A bank run occurs when a large number of depositors attempt to withdraw their funds at the same time, typically because they fear the institution may become insolvent. Because banks operate on a fractional reserve basis and keep only a small portion of deposits as cash, a sufficiently large, simultaneous demand for withdrawals can exhaust available liquidity and force the bank to sell assets at a loss or fail outright. The run is the moment a bank's defining maturity mismatch — long-dated assets funded by on-demand liabilities — stops being an abstraction.

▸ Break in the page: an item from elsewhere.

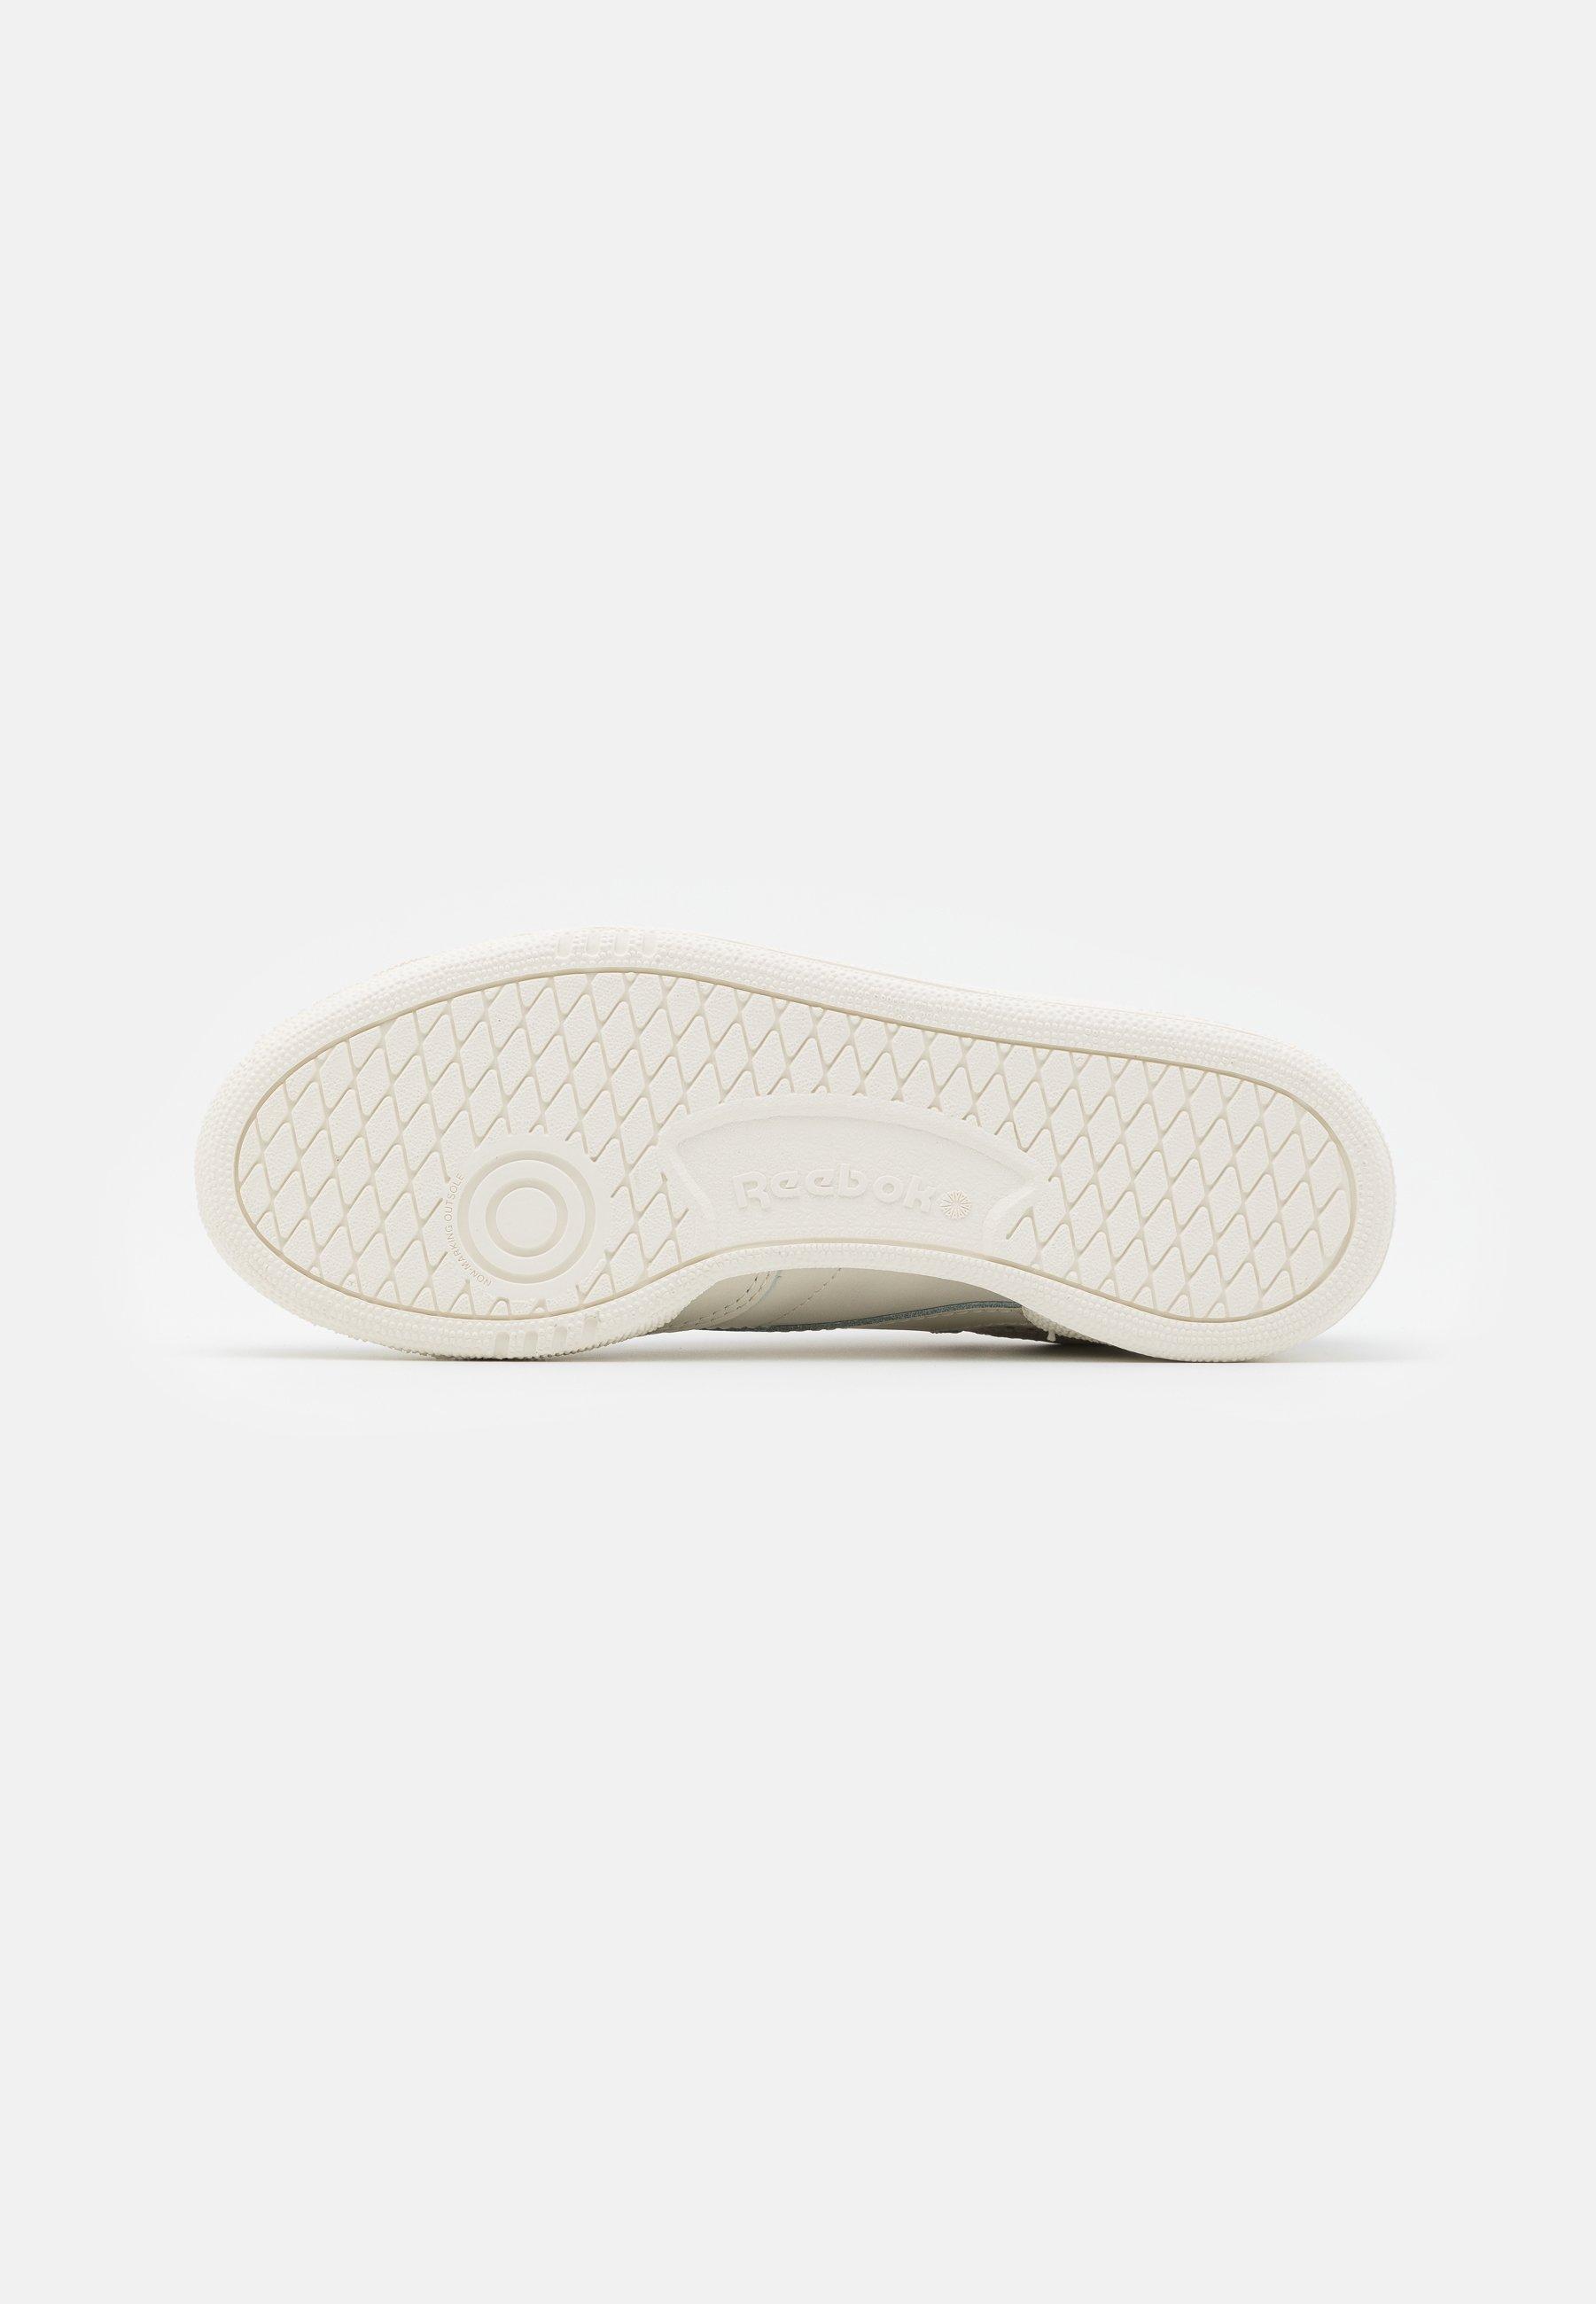 2020 New Get Online Women's Shoes Reebok Classic CLUB C 85 Trainers alabaster/maroon/chalk tYfCCechX G3WFy0cc7

The self-fulfilling dynamic

Bank runs are often self-reinforcing. A rumor, a credit downgrade, or visible queues can convince otherwise-secure depositors that they must withdraw first to avoid being last in line. Even a fundamentally solvent bank can be toppled if enough customers act on this incentive at once, because its assets (loans, bonds) cannot be liquidated quickly enough to meet immediate cash demands, and forced sales into a falling market convert a liquidity problem into a genuine solvency problem. Economists model this as a coordination game with two stable outcomes: if everyone believes the bank is fine, it is; if everyone believes it will fail, it does. When the panic spreads across multiple institutions it becomes a systemic banking crisis.

Modern speed

Historically a run meant physical lines at a teller window, which imposed a natural speed limit measured in days. Digital banking has removed it: deposits can now leave an institution in minutes through online transfers, and social media synchronizes depositor fear far faster than rumor ever did. The 2023 failures of several US regional banks demonstrated the new physics — tens of billions of dollars in withdrawal demands materialized within hours, faster than any historical precedent. Deposit insurance and central-bank liquidity facilities (the lender of last resort) exist to dampen runs by removing the incentive to be first in line, but insurance coverage limits mean uninsured balances remain exposed, and businesses holding operating cash above those limits face exactly the classic run incentive.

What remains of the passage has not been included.